In conclusion, I want to suggest that there are (at least) two “lures” of psychoanalysis; the lure of an inexact interpretation that provokes the subject or patient to respond as well as—and perhaps this amounts to the same thing—the lure of the “subject supposed to know.” That is, the analysand believes that the analyst knows where the treatment is headed and can provide an answer to his problem, something he or she might understand. But, to paraphrase Lacan, desire is incompatible with speech (“Direction” 535). The subject is demanding something of the analyst, “but he knows very well that it would be but words. And he can get those from whomever he likes [. . .] It’s not these words he’s asking for” (“Direction” 515). Lacan is trying to say here that it is mistake to think that “to understand is an end in itself” and that perhaps it is better to think without understanding, to listen without response, and to engage in “a positive nonaction aiming at the ortho-dramitization of the patient’s subjectivity” (“Presentation” 184).
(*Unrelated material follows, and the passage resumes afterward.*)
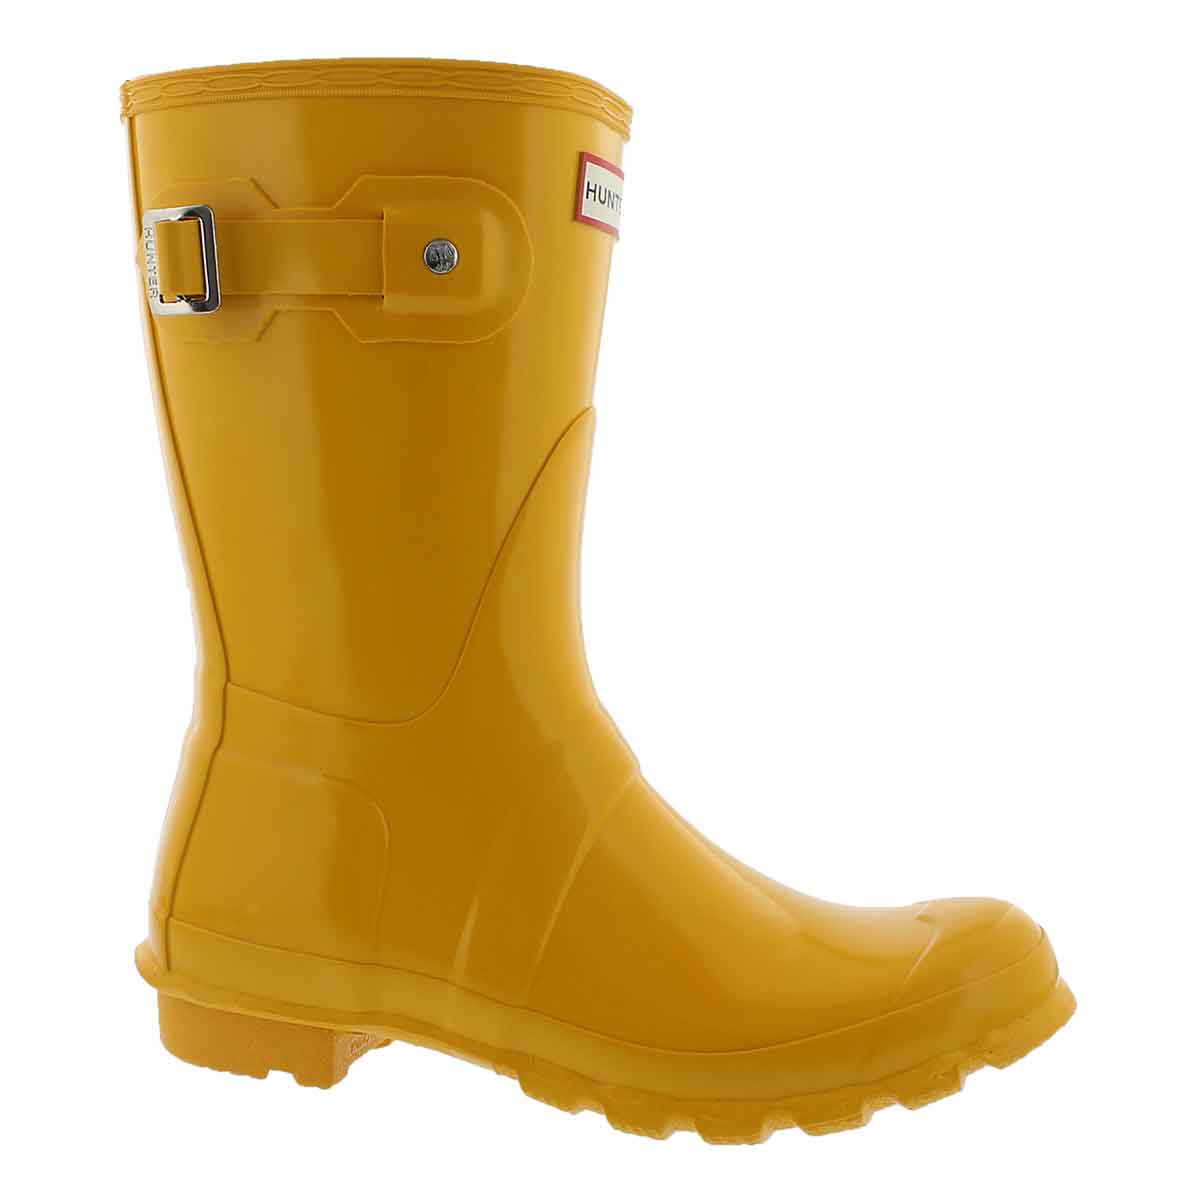 Women's ORIGINAL SHORT GLOSS yellow rain boots

Chertok, Léon, and Isabelle Stengers. A Critique of Psychoanalytic Reason: Hypnosis as a Scientific Problem from Lavoisier to Lacan. Stanford, CA: Stanford UP, 1992. Print.
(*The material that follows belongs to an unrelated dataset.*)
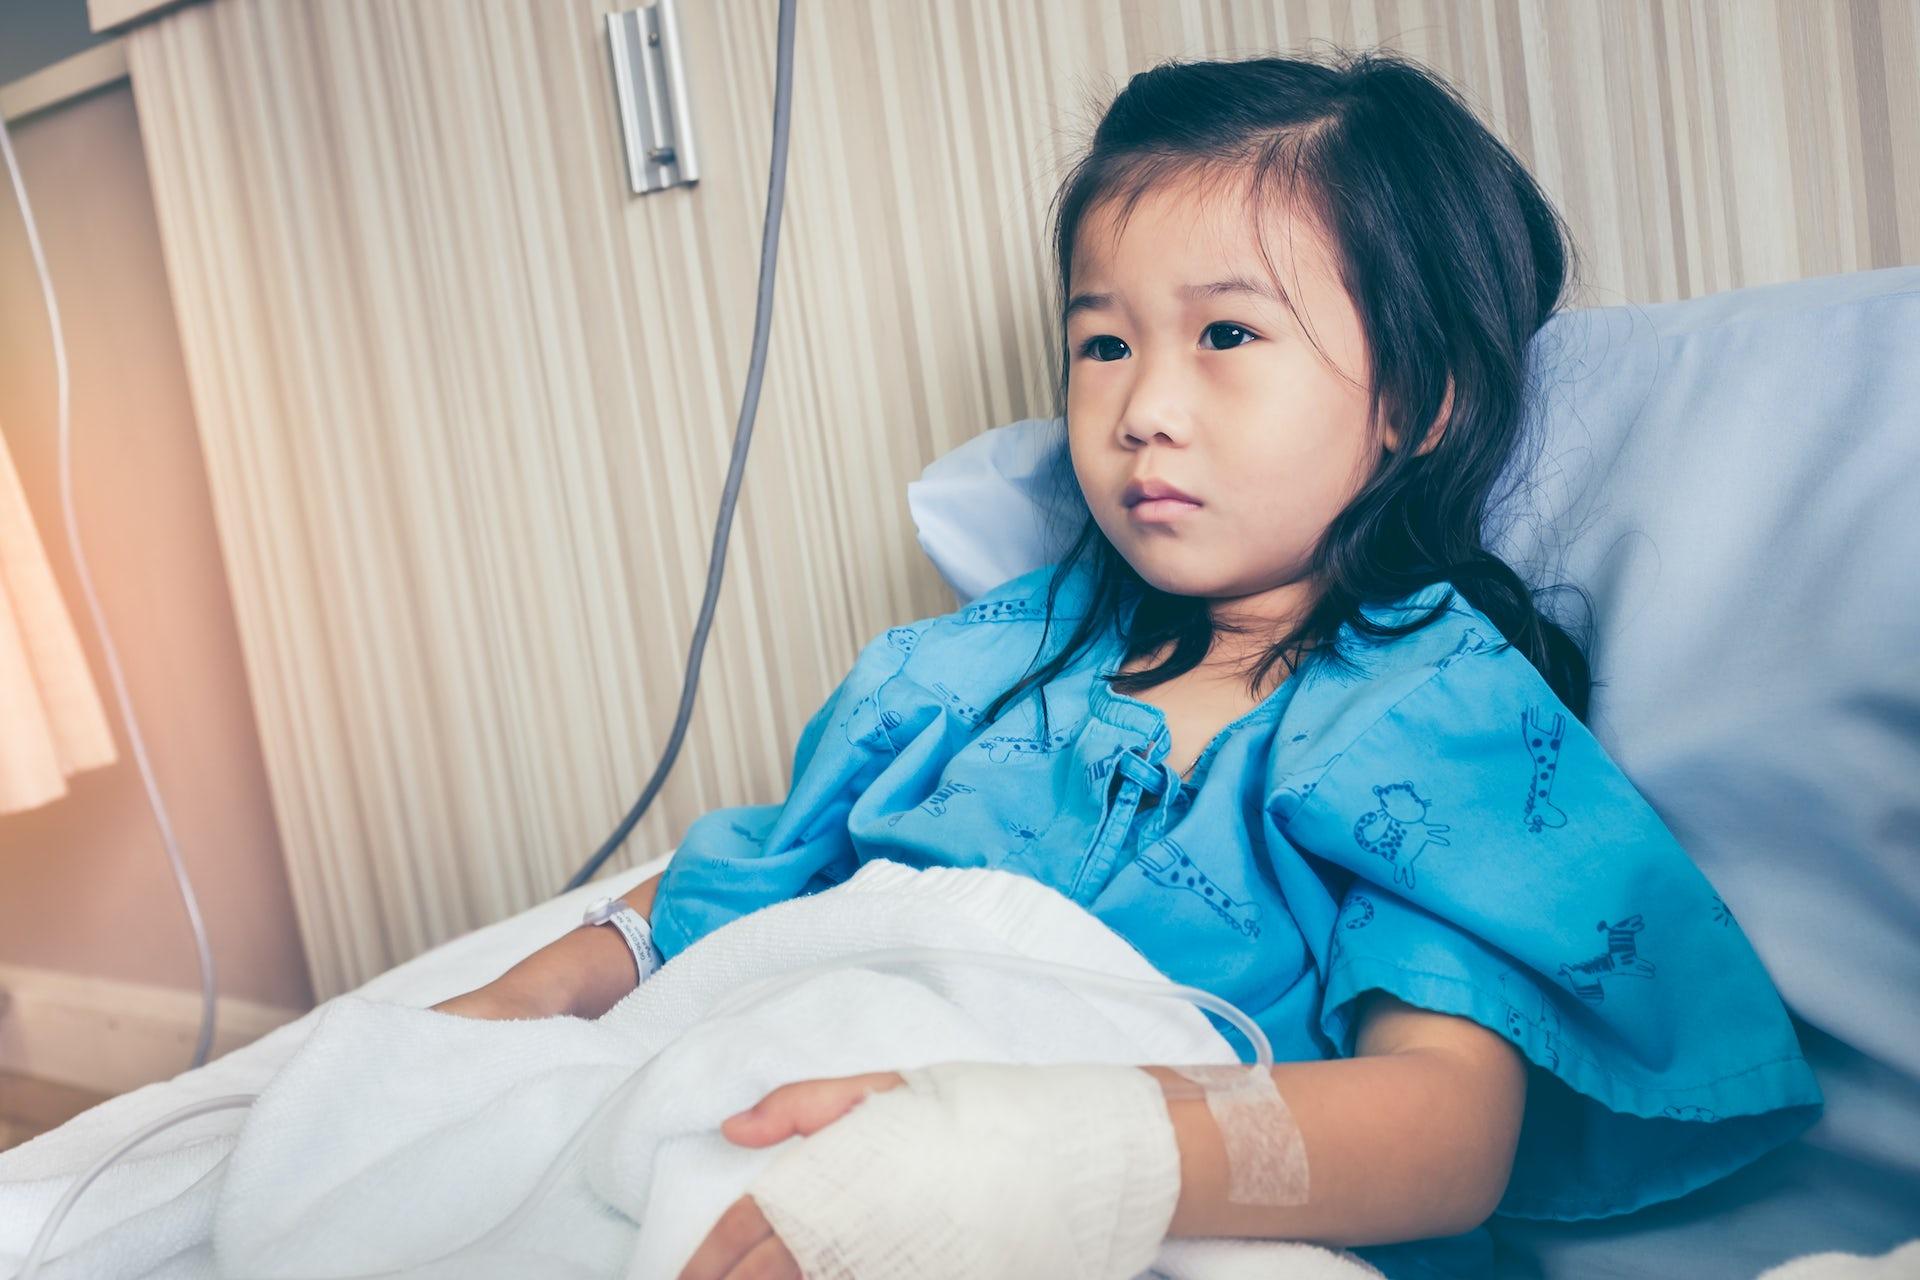 Doctors use TV in treating children

Davis, D. Diane. Inessential Solidarity: Rhetoric and Foreigner Relations. Pittsburgh: University of Pittsburgh, 2010. Print.
Freud, Sigmund, and Peter Gay. “Beginning of Treatment.” The Freud Reader. New York: W.W. Norton, 1989. Print.
Freud, Sigmund, and Peter Gay. “Fragment of an Analysis of a Case of Hysteria (Dora).” The Freud Reader. New York: W.W. Norton, 1989. Print.
Lacan, Jacques, Héloïse Fink, and Bruce Fink. Ecrits: The First Complete Edition in English. New York: W.W. Norton &, 2006. Print.